## WORK ITEM
The listing below is to be copied exactly, with pictures excluded.

## DATASET EXCERPT
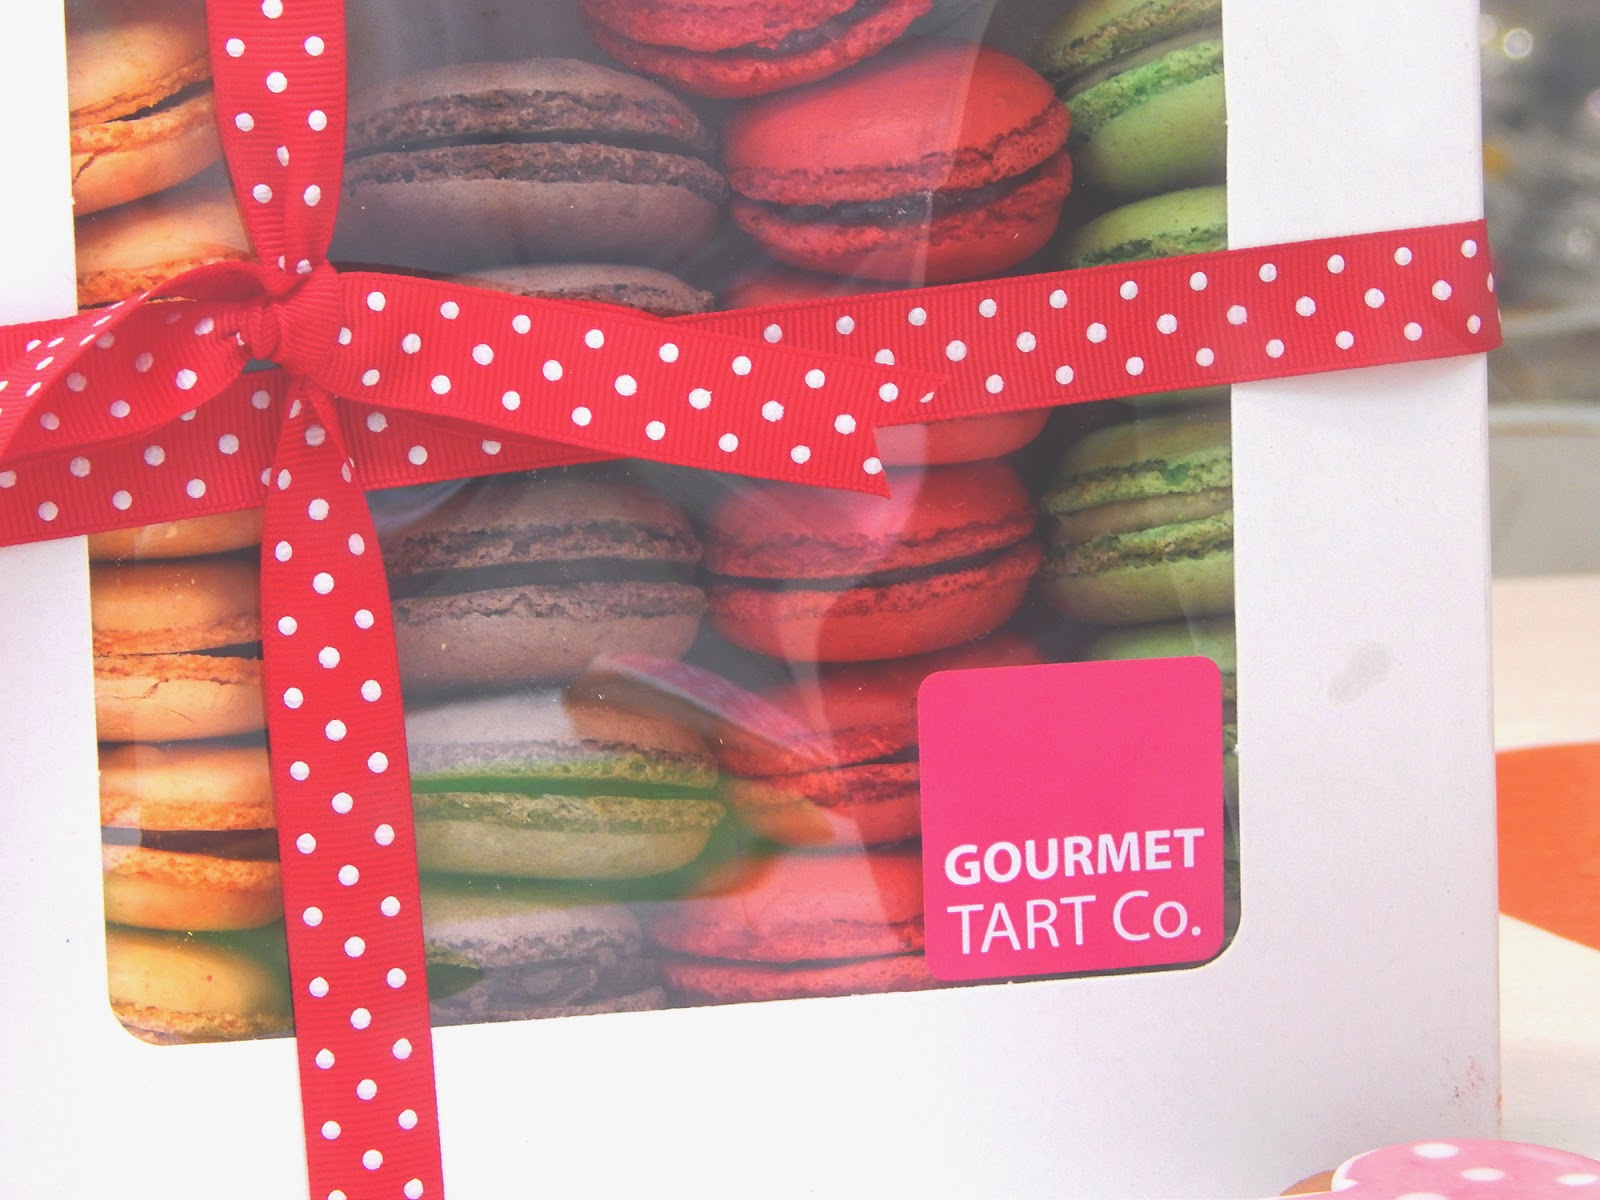 Gourmet Tart Co. Galway Macaroons
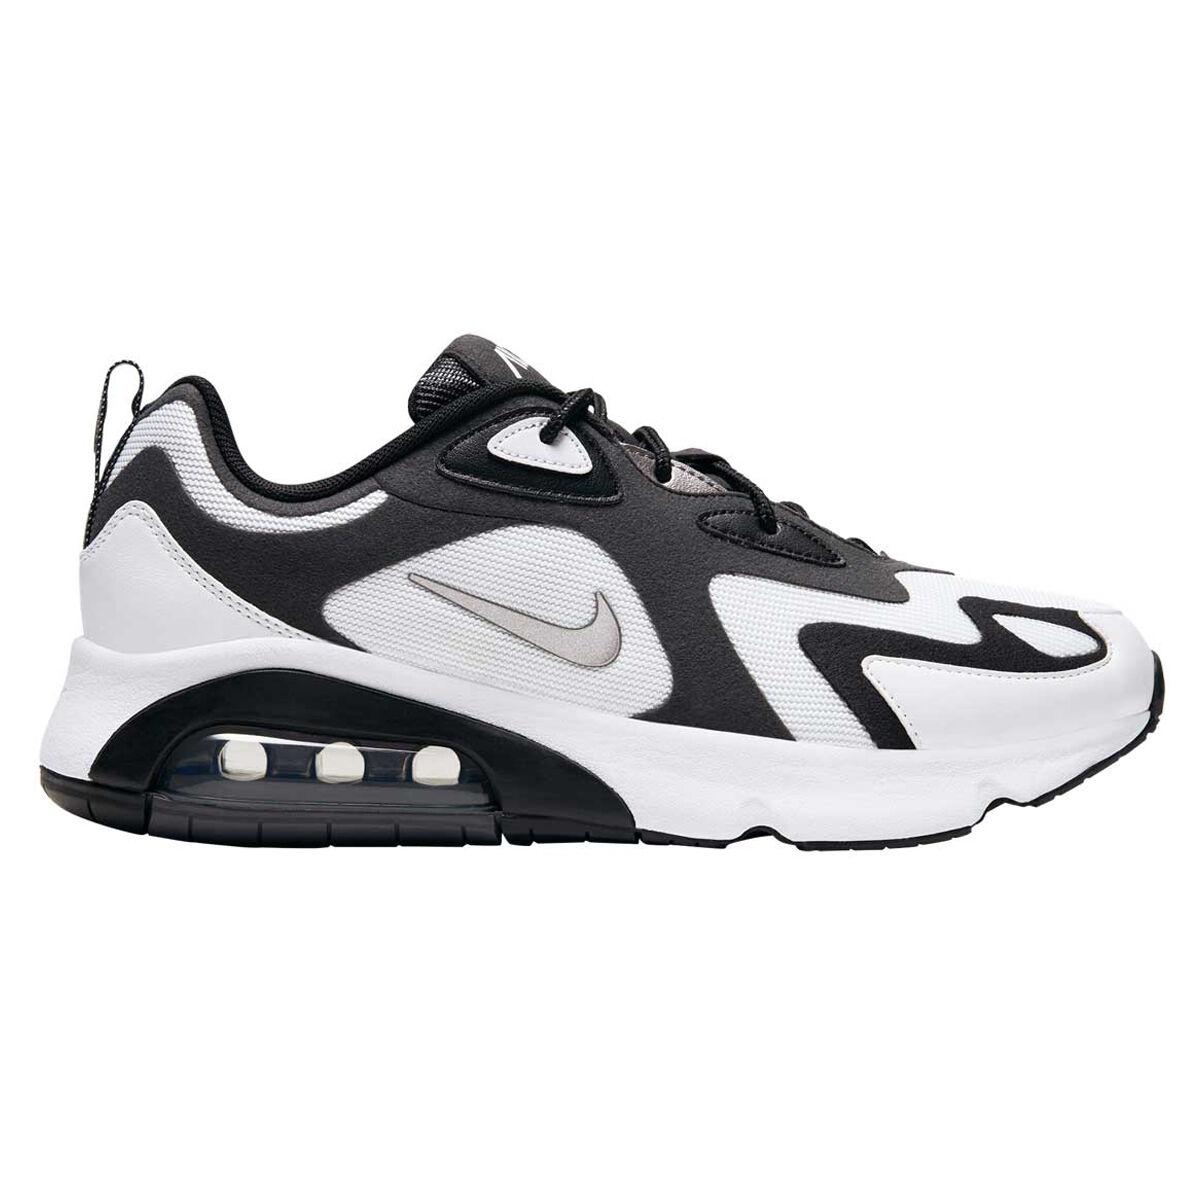 Nike Air Max 200 Mens Casual Shoes
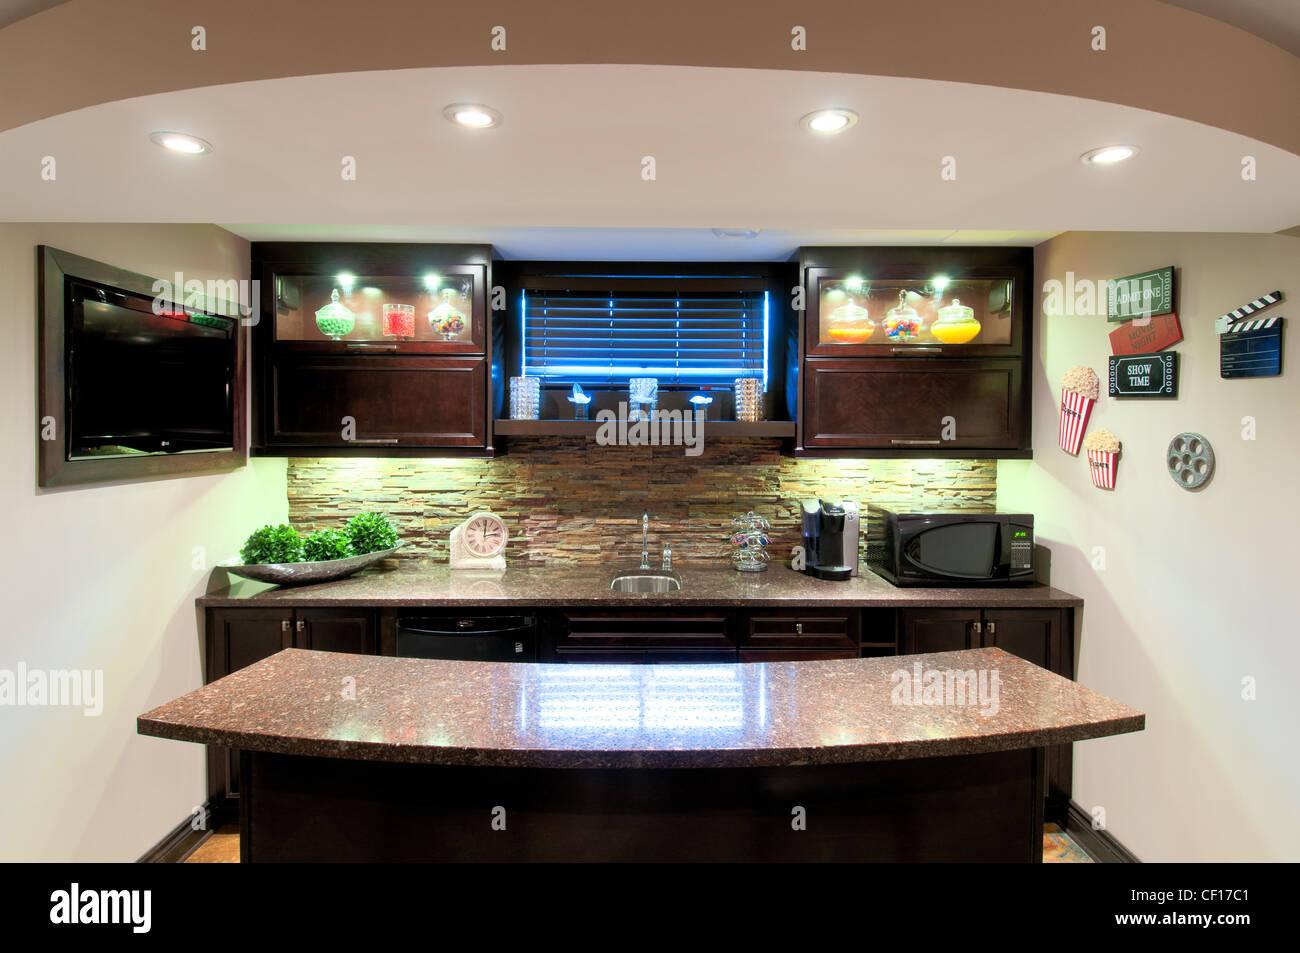 Mini Bar House Stockfotos & Mini Bar House Bilder - Alamy
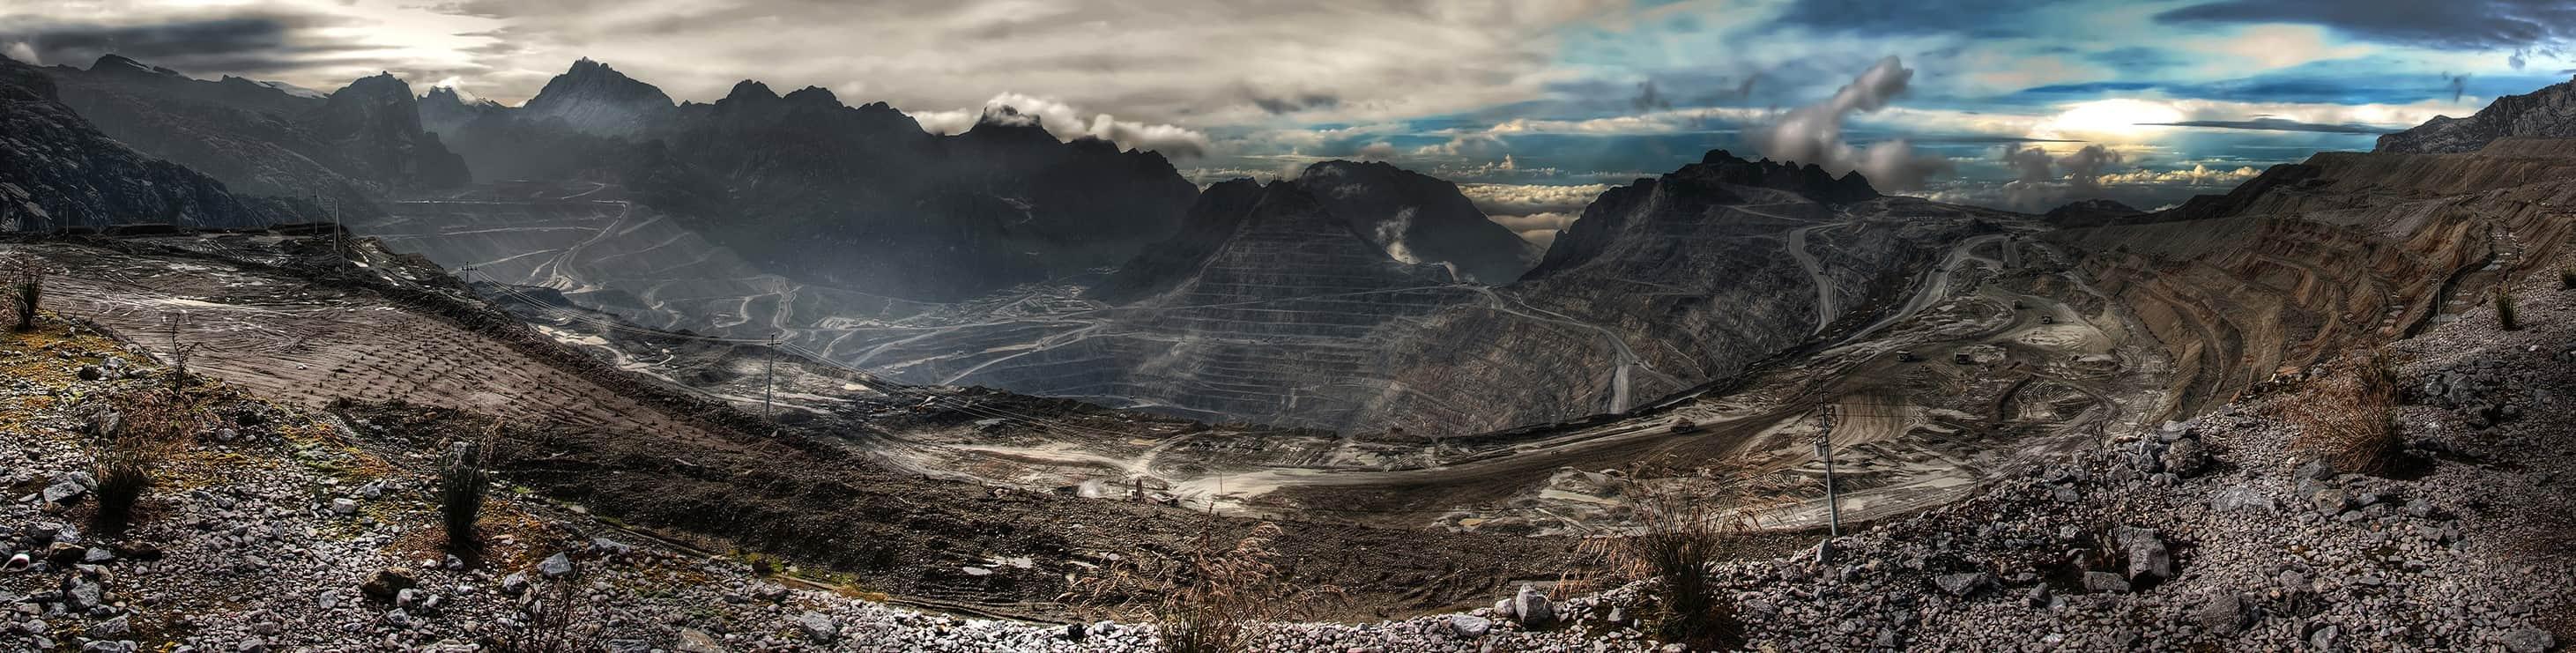 The Grasberg mining complex in 2009 (Photo: Richard Jones/Flickr)

## SOLUTION TO THE PROBLEM
 Gourmet Tart Co. Galway Macaroons
 Nike Air Max 200 Mens Casual Shoes
 Mini Bar House Stockfotos & Mini Bar House Bilder - Alamy
 The Grasberg mining complex in 2009 (Photo: Richard Jones/Flickr)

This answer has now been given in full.